冗談めかして投げ掛けた言葉に、ニヤリと笑みを浮かべたフレイアが返してきたのは、またしても意外な答えだった。

自然、エルザの首が傾ぐ。

「私も、ですか?」

「治癒魔法術師になることを承諾したんだろう?」

昔と変わらずフレイアが見せたイタズラ坊主のような笑みの意味は、これか。

諦めの心境で小さく溜息を吐く。

エゼリアたちだけでは飽き足らず、エルザも実験に付き合わされることは多々有った。

「騎士でなくても魔獣の血を飲まされるのですね・・・」

「騎士? ああ。オーリアから聞いたのか」

たった一つの言葉の端でフレイアは状況を察する。

社交の道へ進んでいてもフレイアはミリアに劣らぬ逸材となっただろうに。

フレイアが読み取ったように、魔獣の血を飲まされることをエルザの耳に入れたのはオーリアだ。

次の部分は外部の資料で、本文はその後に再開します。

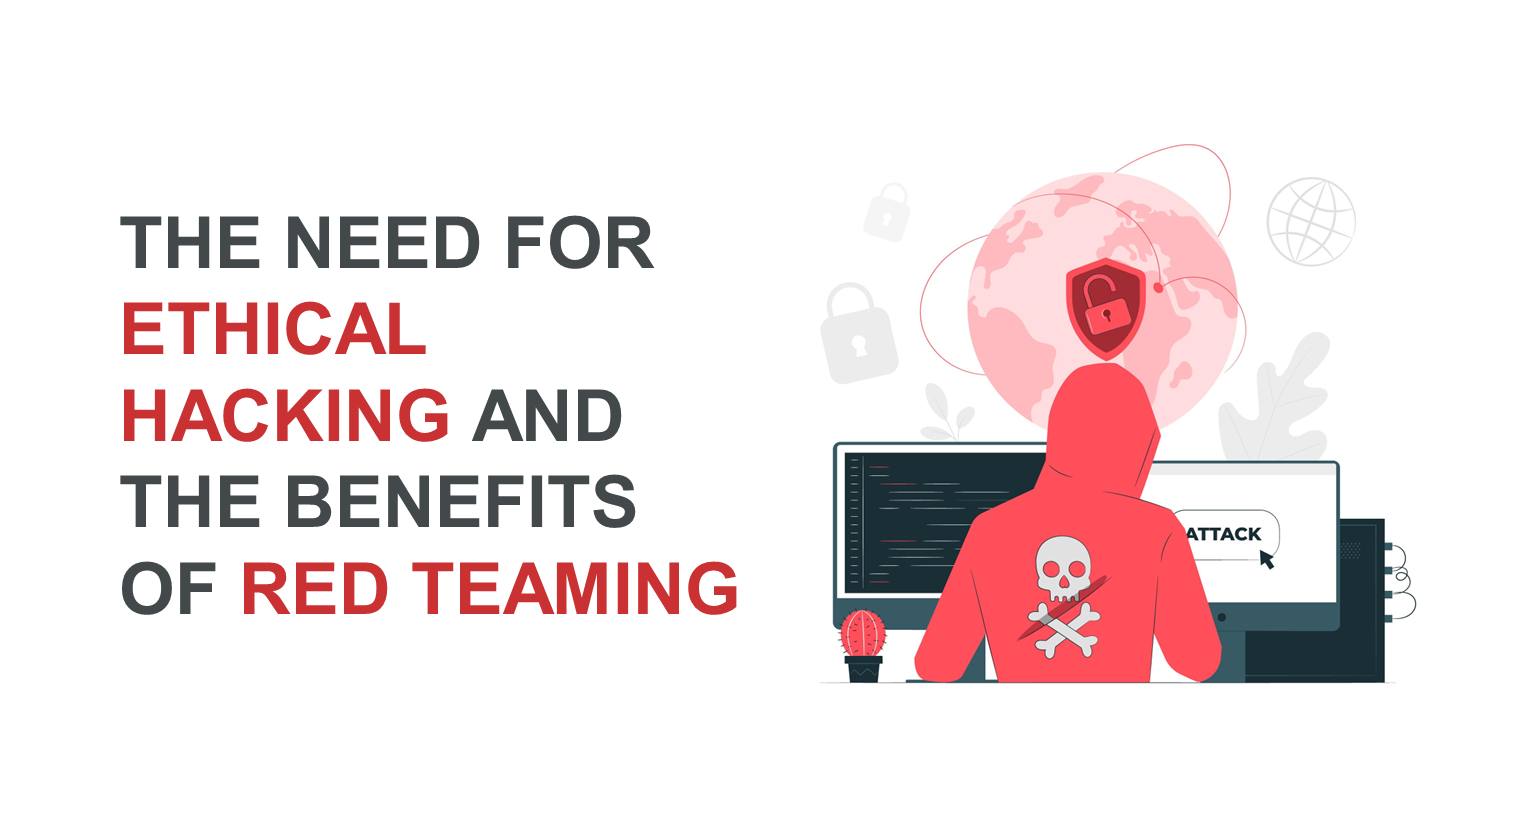 The need for ethical hacking and the benefits of red teaming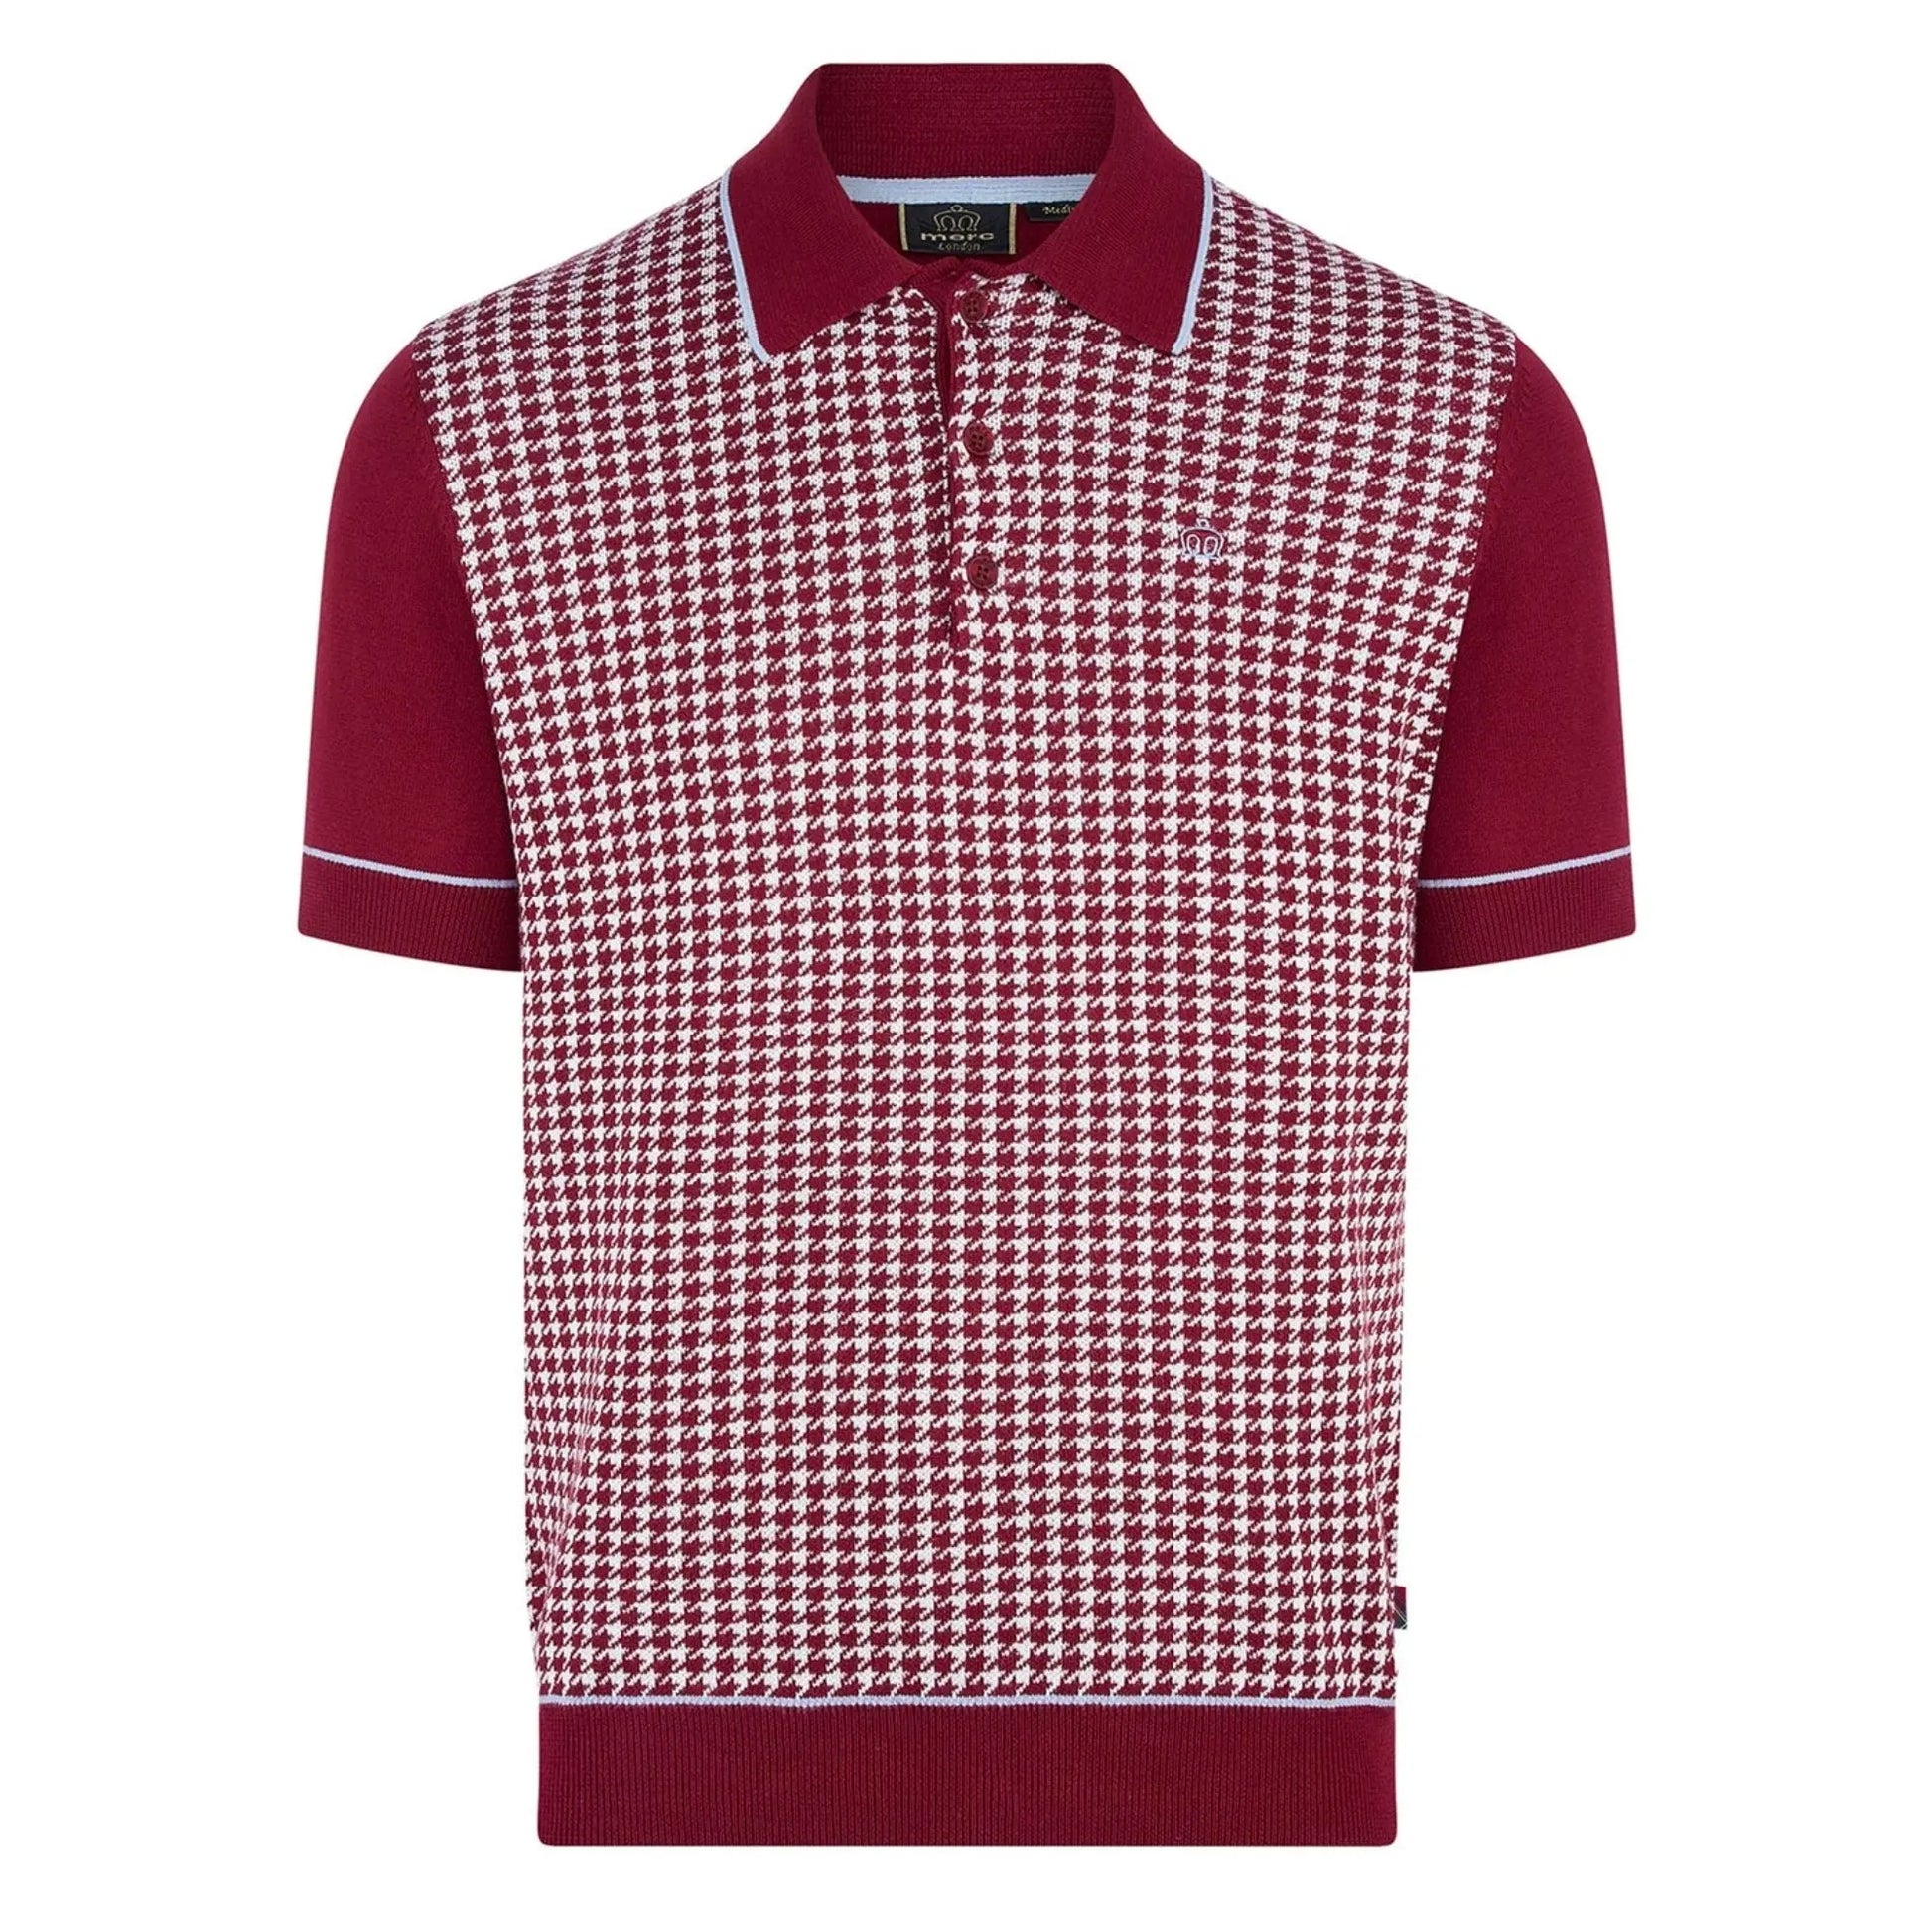 Buy Merc London Cavendish Houndstooth Knitted Polo - Burgundy | Short-Sleeved Polo Shirtss at Woven Durham

「ええ。フィオレ様にお仕えするようになって以降、あの子も見違えるように体内保有魔力量が増えた様子で」

「私も増えているんだが、信じられんか?」

「いえいえ。そういうわけでは」

ことの概要を聞いた限りでは機密情報として統制が掛けられそうなものなのに、フレイアの口振りからも情報を隠匿する意志は無いように感じられる。

何らかの思惑が有っての措置だろうと思索を巡らしながらも、エルザは自分の口元が緩んでいることを自覚する。

「何だ?」

「懐かしいですね。昔のフレイア様に、フィオレ様はよく似ていらっしゃいます」

目敏くエルザの表情を読み取ったフレイアに、エルザはからかいの暖かい目を向けた。

「そ、そうか?」

「夢中になると止まらなくなるところも、やり遂げてしまわれるところも」

ご祈祷の最中に、集中するあまり周囲の状況に気付いていなかったフィオレの様子は、少女時代のフレイアを強く思い出させるものだった。

照れくさそうに目を逸らすフレイアに、シェリアの側近としてフレイアの世話をしていた昔の気分にエルザは戻っていた。